Re the use of rewriting schemata to specify an algorithm, I used both meta-circular evaluators and rewriting calculi to describe the evaluator algorithm of Kernel in my dissertation, and had some things to say about the tradeoffs between the two strategies (§2.3.3):

The specification of a reduction system can be a lucid medium for articulating fine points of order of operations (which computational activities precede which others). The entire specification is geared toward its reduction rule schemata, and each schema is just a statement of one specific kind of permissible succession from computational state to computational state. Moreover, the schemata are understood separately from each other: whether a schema can be applied to a given term is determined entirely within that schema, regardless of any other schemata in the system. So each schema immediately expresses a specific point for the human reader to study in isolation.

The downside of this unremitting independence between schemata, for descriptive purposes, is that while detailed orderings are made explicit, any algorithmic structure larger than a single schema is made implicit. The overall modular structure of the reduction algorithm may have been known to a human who wrote the description; but the description doesn’t preserve that information, so the human reader has to reconstruct it.

An important consequence of the lack of overall structure is that there is nothing to prevent multiple schemata from being applicable to the same term. This tendency toward nondeterministic reduction is magnified by taking the compatible closure of the rules, which facilitates the construction of terms with multiple redexes.

[...]

[The next thing the section discusses is Church-Rosser-ness.]

I've experienced similar modularity concerns with logic programming.

What kind

of sturcture would one expect?

I've been experimenting with structurization of terms and got some results. Suppose we have a tree structure of terms bundled up with rewriting rules. Terms are just that, they accept some form of syntax and stitch it up to the AST. Rewriting rules have terms on the left and on the right side, and they accept terms from the left side and put terms from the right side to the AST. The problem was which rewriting rules could even be applied and at what places. The answer is: if a rule output (right hand) is of the same type as a term placed anywhere inside term tree, that term could be replaced by the left side of the rule, which forms appropriate right-hand term.

And here was the same problem you ran into. I wanted to narrow down applicable rule set. So I decided: Only rules placed on sibling nodes can be applied. If some rule is nested deeper in the structure, and you want it to be applicable, you can drag its reference to a sibling node and get it considered upon creating input.
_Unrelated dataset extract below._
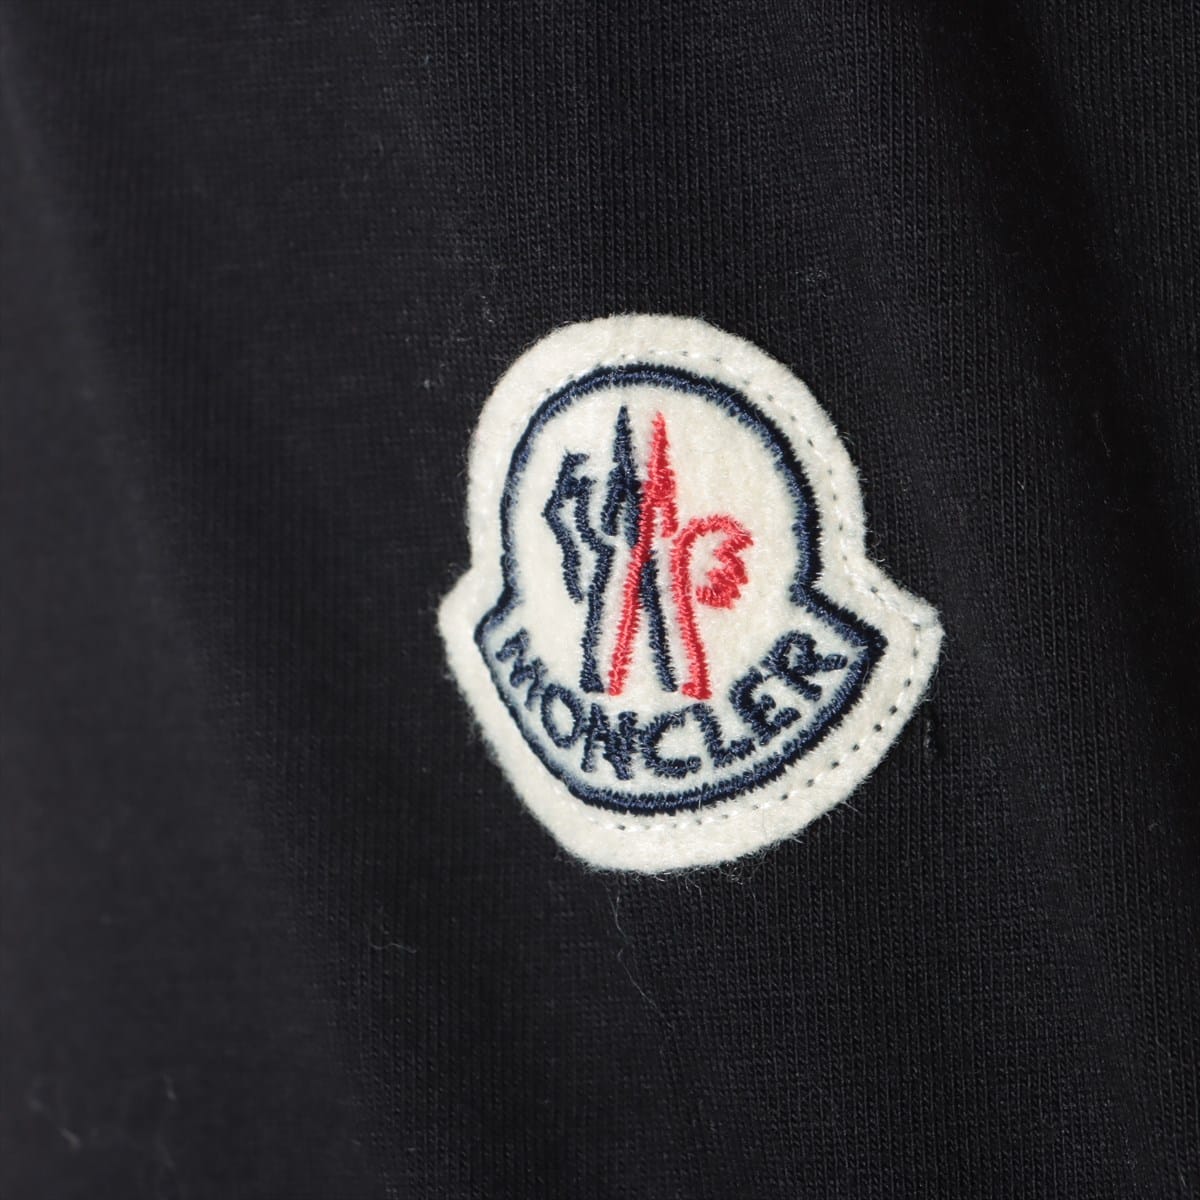 モンクレール MAGLIA 15年 コットン Tシャツ L メンズ ブラック  ワッペン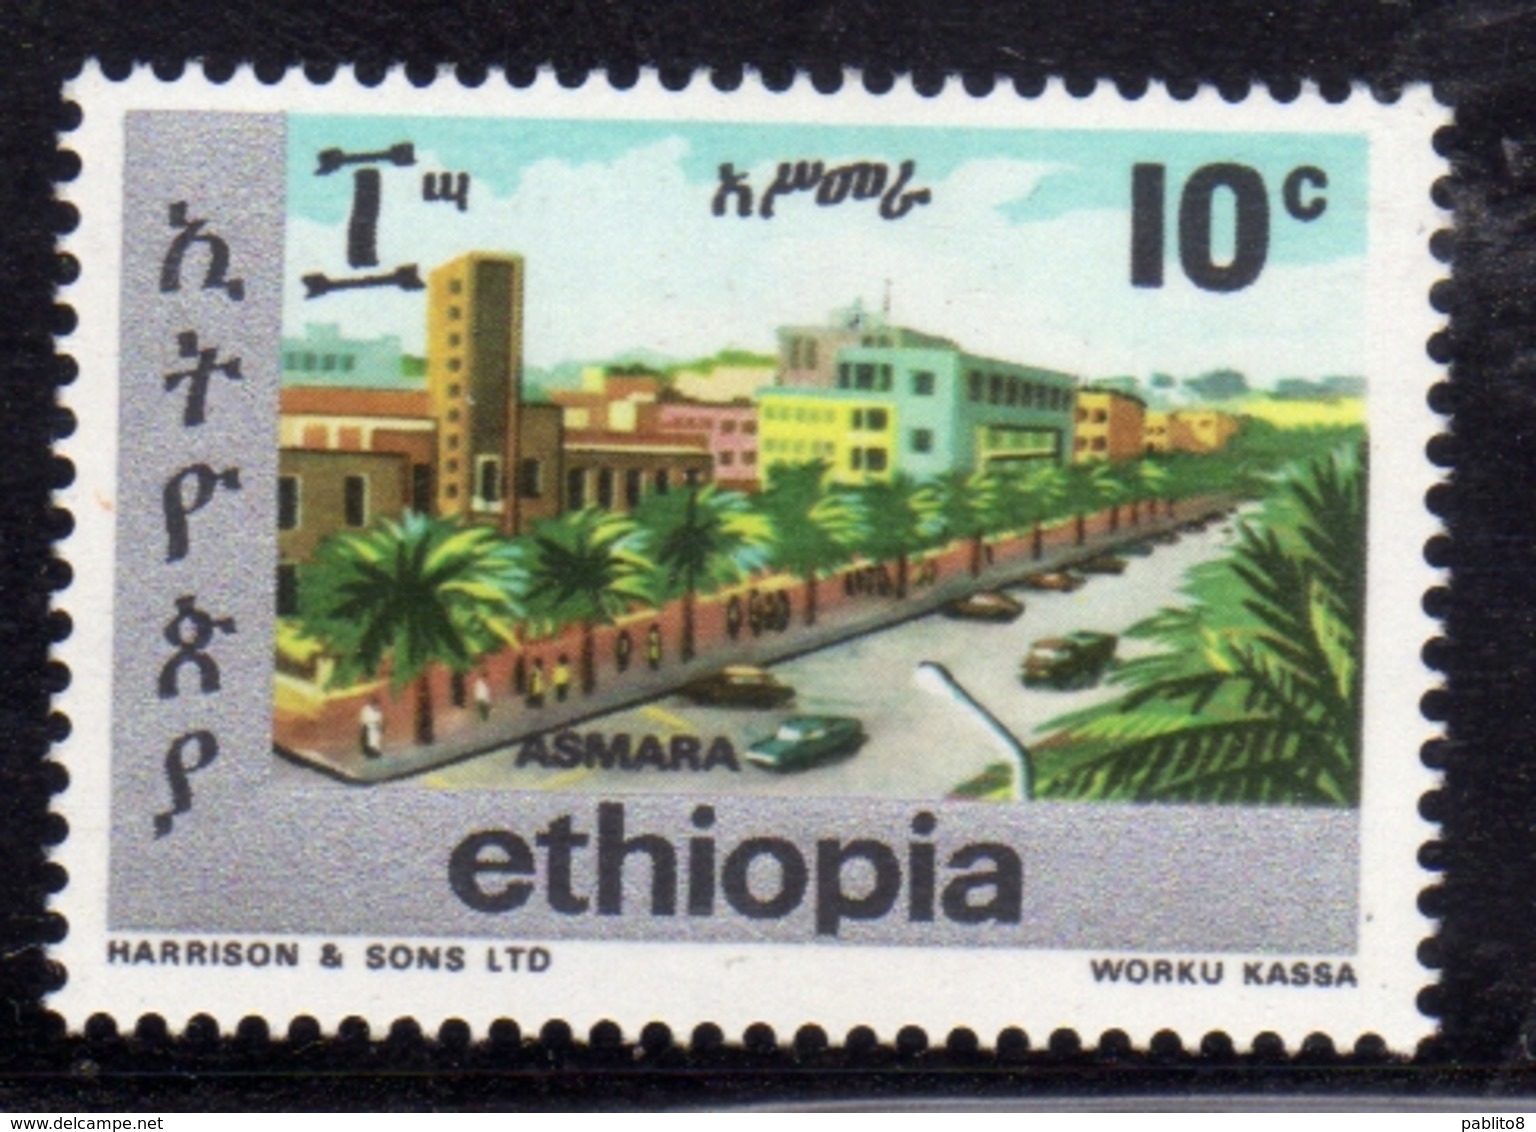 ETHIOPIA ETIOPIA ETHIOPIE 1977 TOWNS OF ADDIS ASMARA CENT. 10c MNH - Etiopia

This is not "the" solution, this is "a" solution, but it works for now.

Example:

(
  (Sum <- (a <- @int, '+', b <- @int)) -> @int (@a + @b) |
  Term <- (
    Number <- @int |
    String <- @str
  )
).Term

Here we extracted term "Term" from braces. When a parser gets to "@int" below "Number", it knows that "Sum"-s right side is also "@int" and tries to parse "Sum"-s left side. If it passes, it returns its calculated righ side. Deeper nodes in structure are ignored, if we dont drag them to be siblings of "Term" inside braces. Because we extract only "Term" from braces, its siblings are ignored on regular parse (they get into account only through same-type-and-sibling mechanism).